Getuige Bos heeft verklaard dat hij vanaf het balkon van zijn woning aan de Mgr. Nolenslaan alarmlichten van een auto vanaf de Loeffstraat zag en dat hij vervolgens een man vanuit de Loeffstraat zag komen lopen. De getuige heeft verklaard dat hij met deze man aan het praten was en dat op enig moment de politie het gesprek overnam. Deze man bleek de verdachte te zijn. Hij was gekleed in een zwart shirt en een zwarte korte broek en hield een zwarte pet in zijn hand.
De getuigen hebben verklaard dat de man die zij zagen inbreken in auto’s ongeveer 1,70 meter lang was met een blanke huidskleur en dat hij de volgende kleding droeg: een korte donkerkleurige/zwarte broek, een donkerkleurig T-shirt en een donkerkleurige/zwarte pet.
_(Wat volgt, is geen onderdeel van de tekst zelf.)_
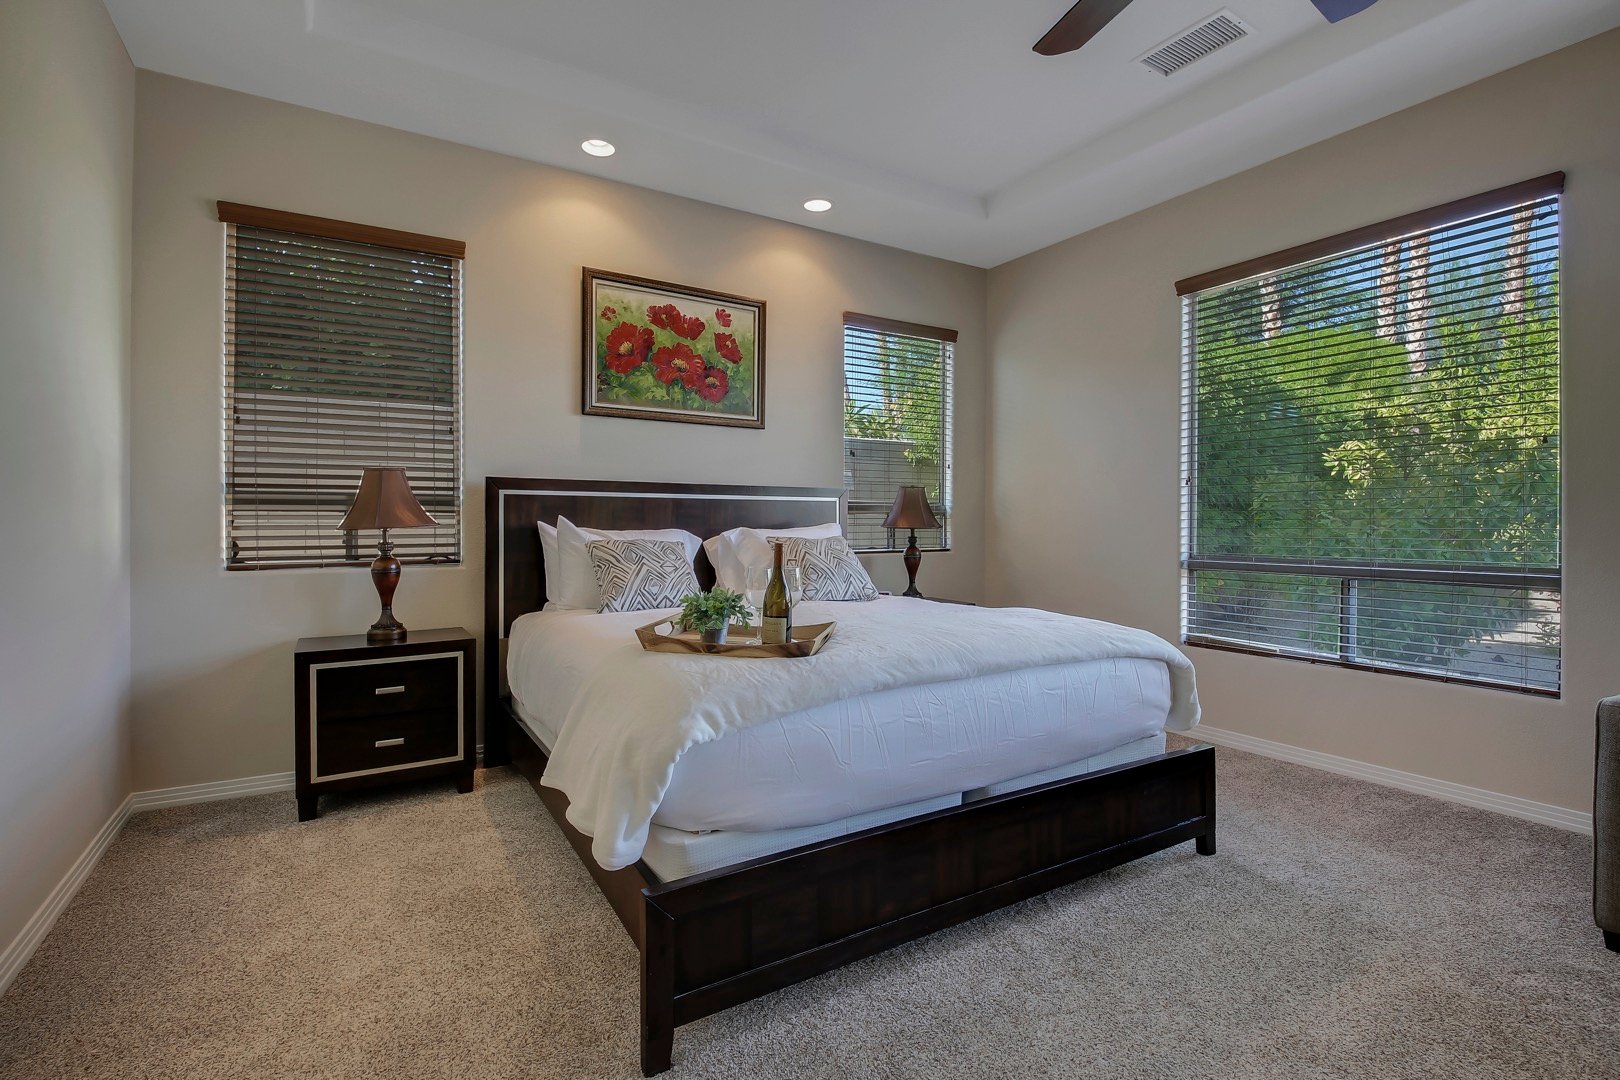 Master Suite 1 is located halfway down the hallway with so many features!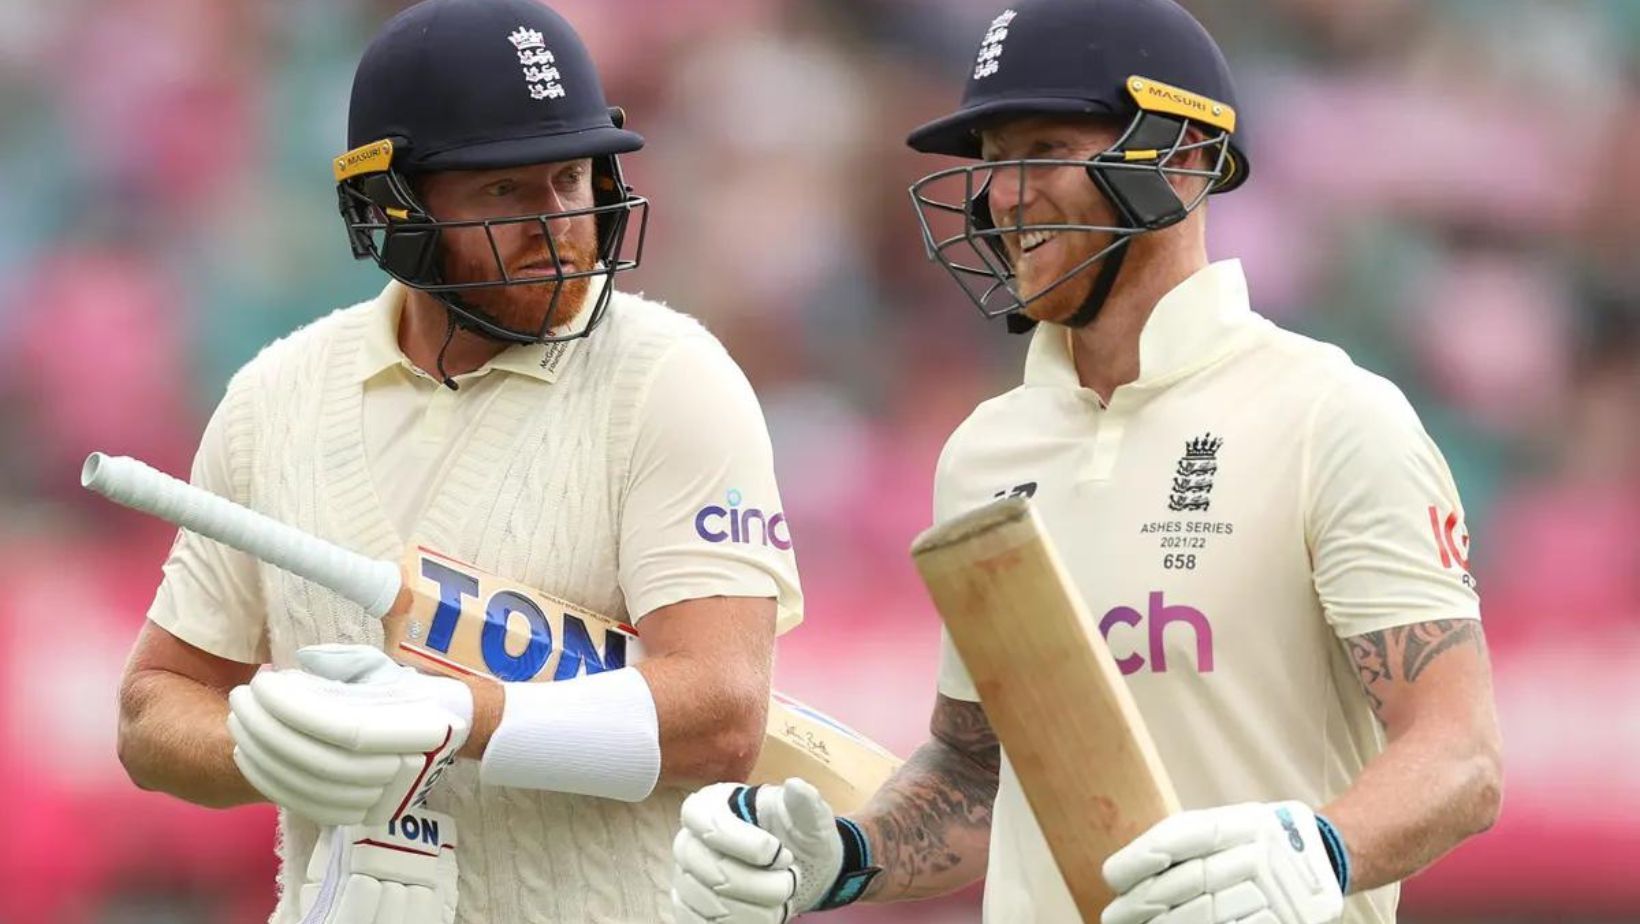 Jonny Bairstow and Ben Stokes (R). (PC: Mark Kolbe/Getty Images)

In de Loeffstraat is in de nacht van 18 op 19 augustus 2020 een grijskleurige mountainbike aangetroffen met aan het stuur een witte linnen tas. Deze fiets is door de politie meegenomen naar het politiebureau aan de [adres 1] . In de tas zaten naast het baken ook andere goederen die zijn weggenomen uit de auto’s die geparkeerd stonden op de Damlaan. Bij de insluitingsfouillering van de verdachte is een sleutel aangetroffen, die past op het slot dat aan het stuur van de aangetroffen mountainbike hing.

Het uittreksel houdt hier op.